On a smaller scale, Stein pointed to Tyson Tuttle, an Austin-based angel investor and former CEO of Silicon Labs — who has agreed to be acquired by Texas Instruments for $7.5 billion. Tuttle co-founded Circuit, a startup that uses artificial intelligence to improve manufacturing and distribution, and has raised $30 million in an investment round that includes $5 million from his family office.
However, not everyone who comes to the table has founded a company. The Arena team works in institutional finance, and they argue that rigorous due diligence is what gives them the right to lead rounds.
“We take our time, say yes very slowly, and say no too often,” Schottenstein said. “We certainly invest in the resources, experts, and people needed to make sure the company is what it says it is, and can do what it says it will do.”
For the Positron deal, that meant working with outside experts to validate the technology, but also reading the cap table itself as a signal: “If Arm is going to do a deal, we like to think your technology is real,” Schottenstein said. Arena also knew that Oracle was a major customer, making Positron one of the only AI chips deployed in an ultra-fast scale not named Nvidia or AMD.

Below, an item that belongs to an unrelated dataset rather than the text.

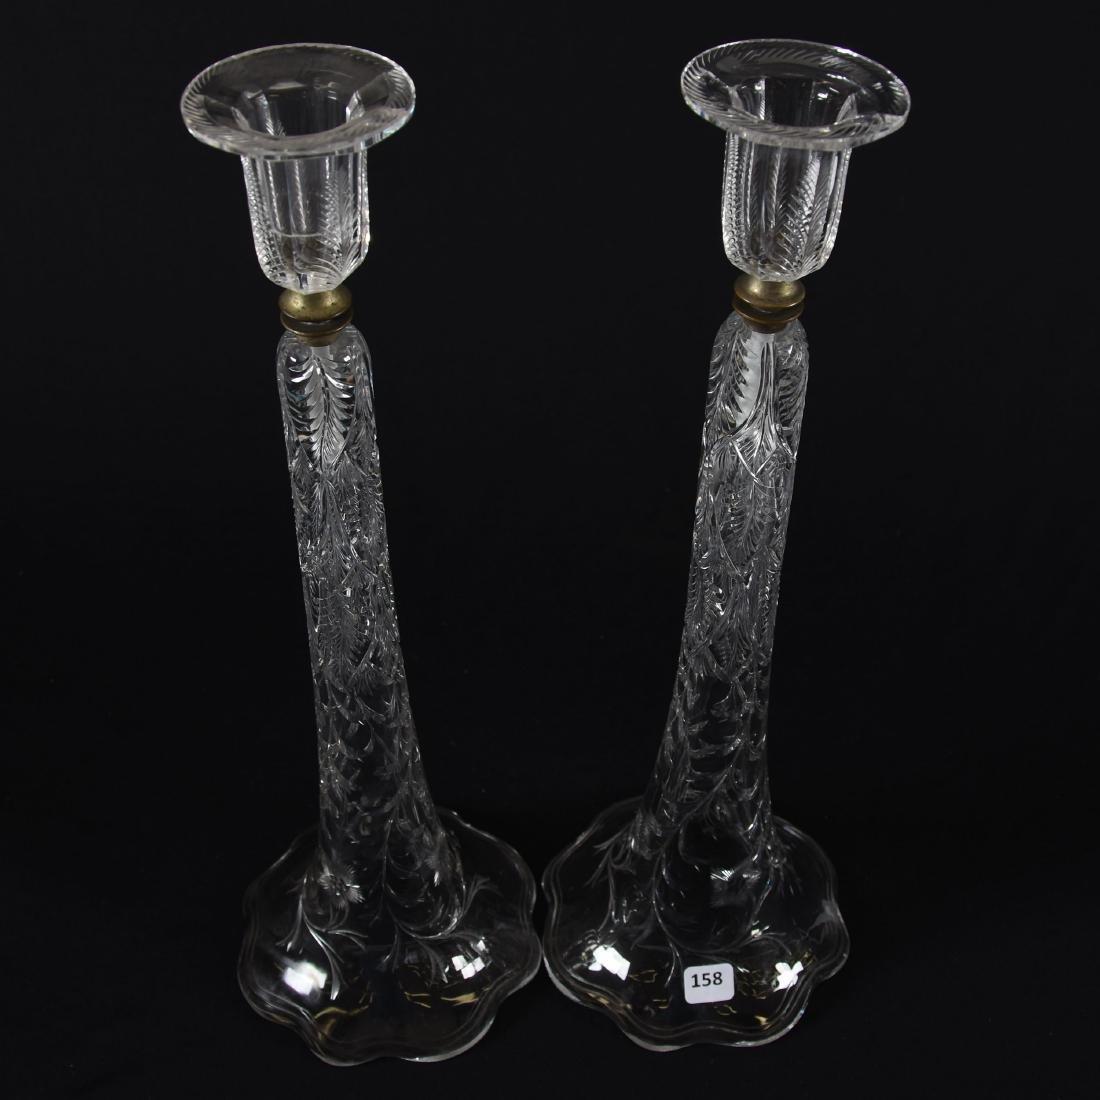 Pair Candlesticks, Engraved Fern, Vine & Floral - 2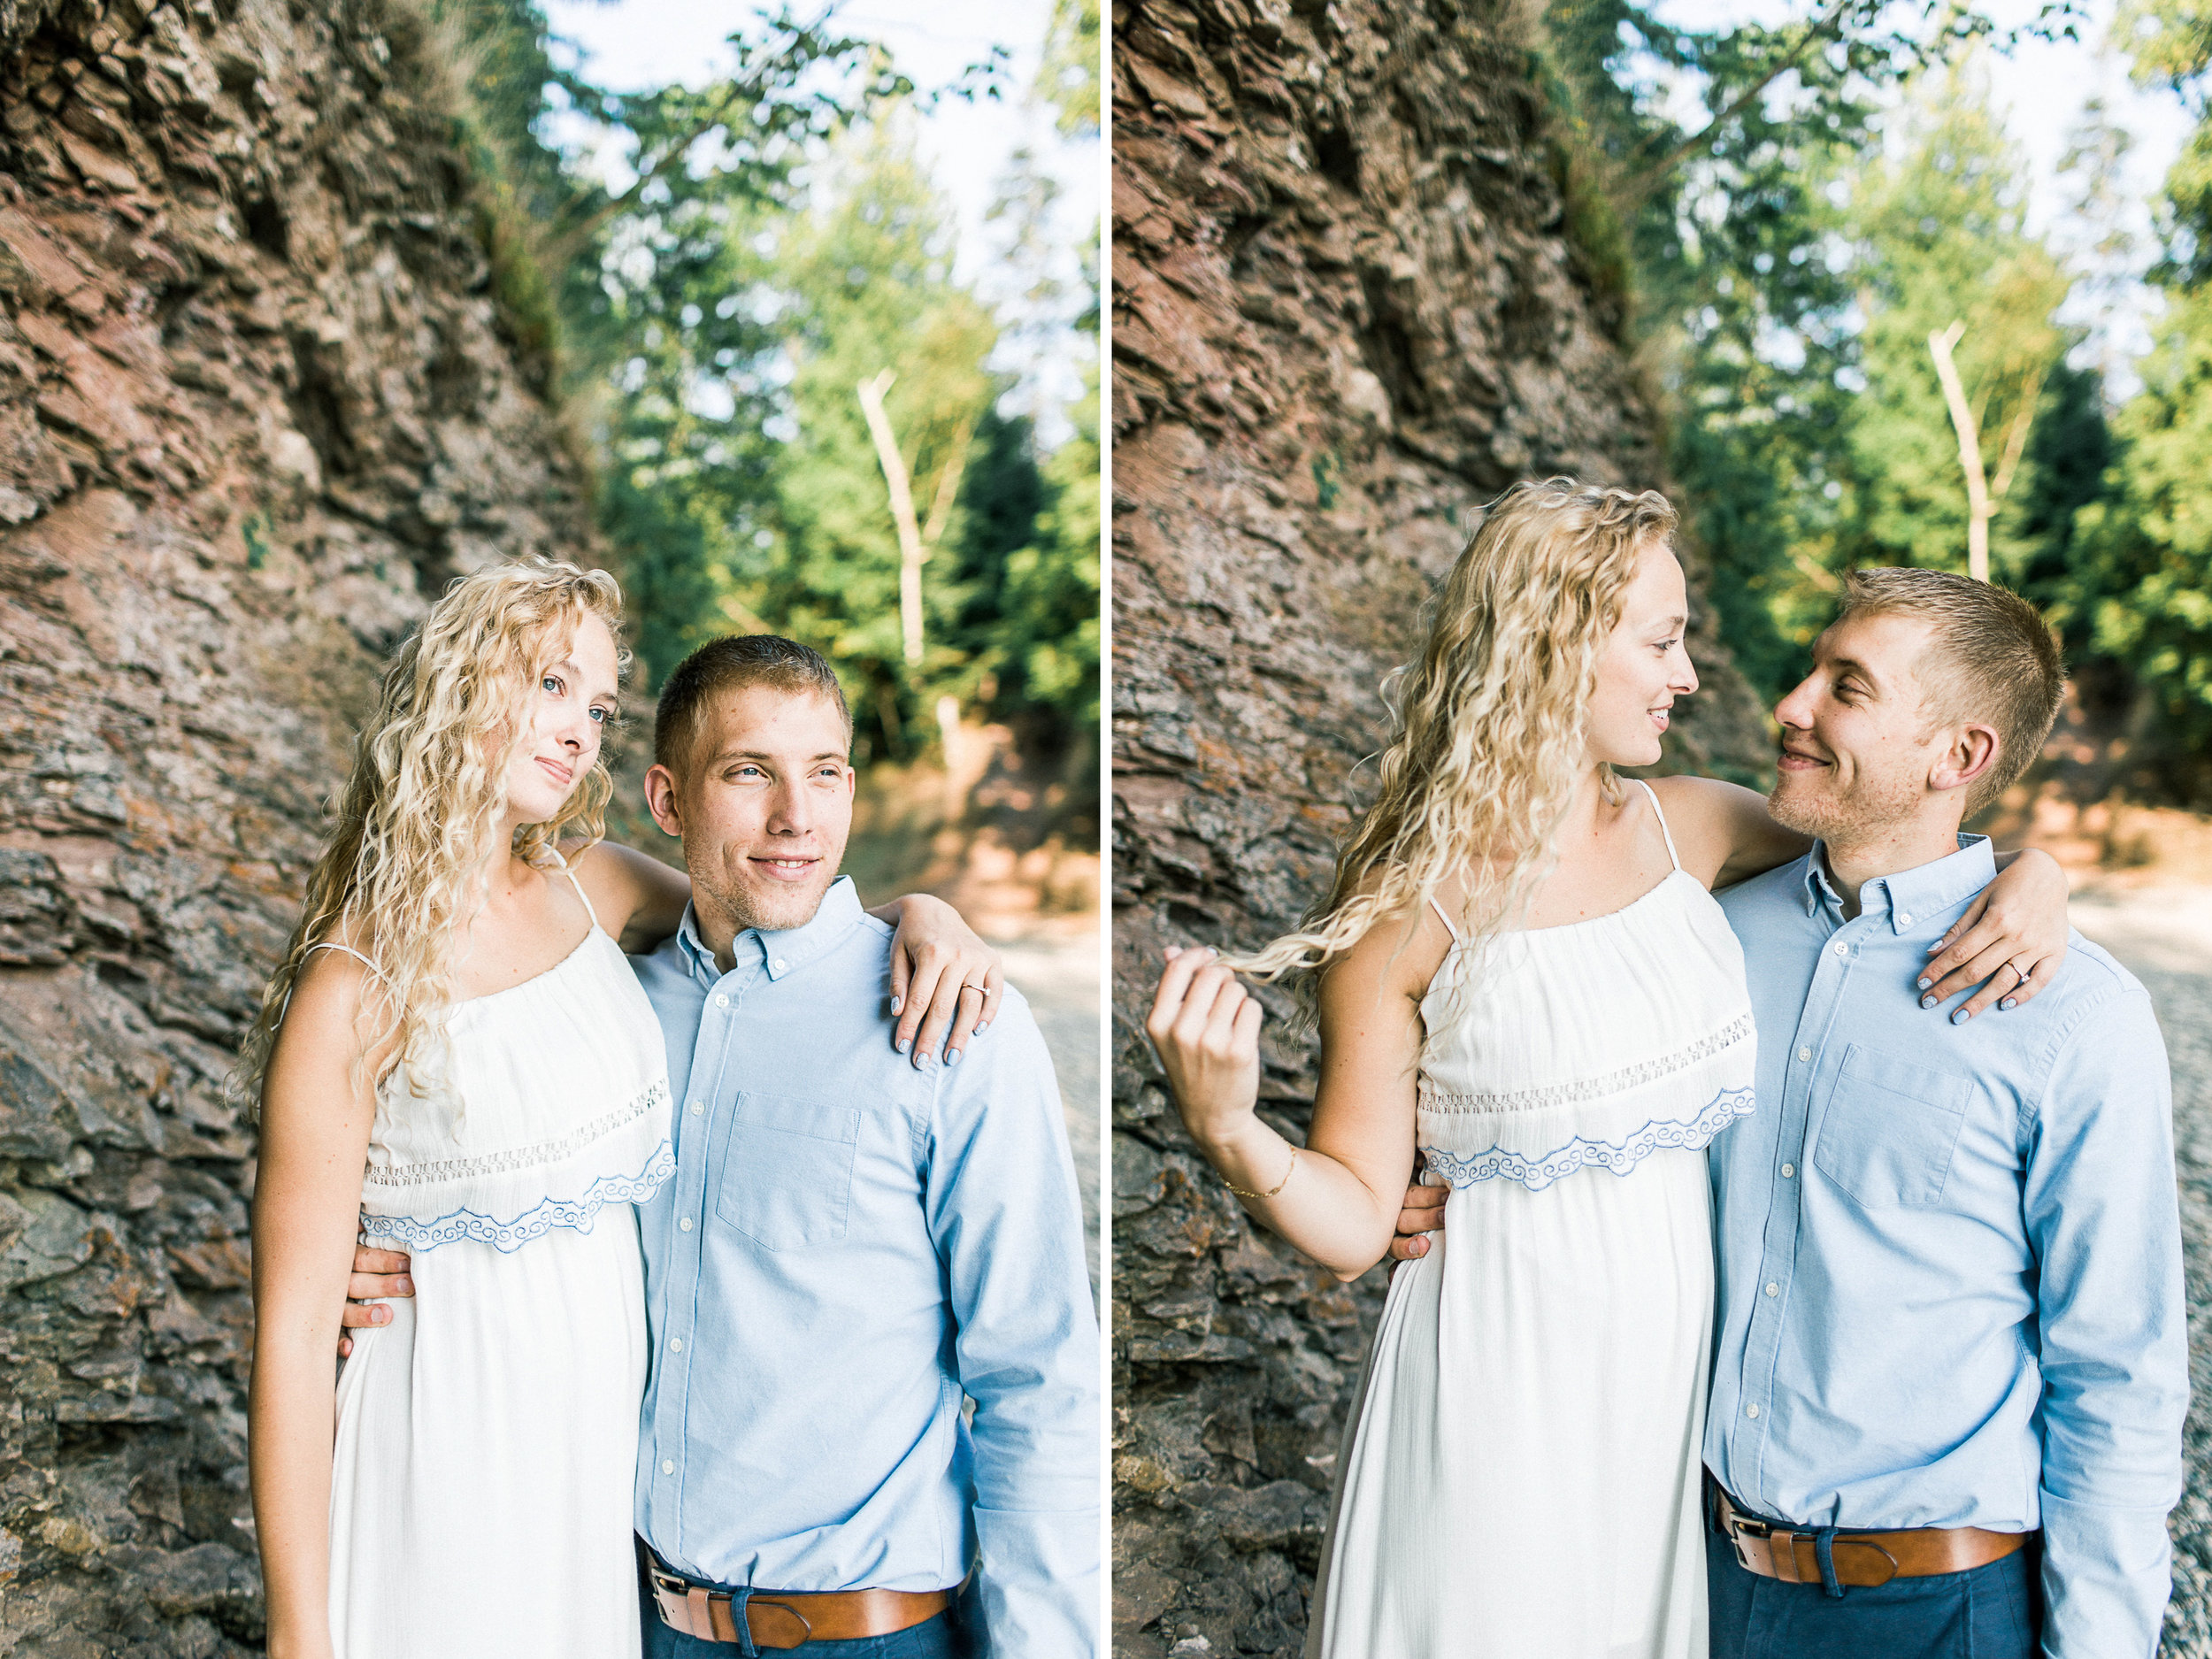 Northern Michigan Engagement Photographer - Lauren and Brent 039.jpg

This selectivity shapes how engaging Arena is once inside. In contrast to the typical risk of distributing venture capital across a portfolio, Arena makes a small set of direct trades annually, which completely changes the risk. When they’re indoors, they’re all indoors; Positron is their only investment in an AI inference chip.
“When we engage in direct single-asset trades and we only do a few each year, our stakes are incredibly high,” Stein said. “We don’t manage portfolio-level returns. We don’t model failure on a single asset transaction. We take on a tremendous amount of risk with concentrated client capital. We take reputational risk as a firm. We devote a tremendous amount of time and resources. There’s an alignment there that founders appreciate.”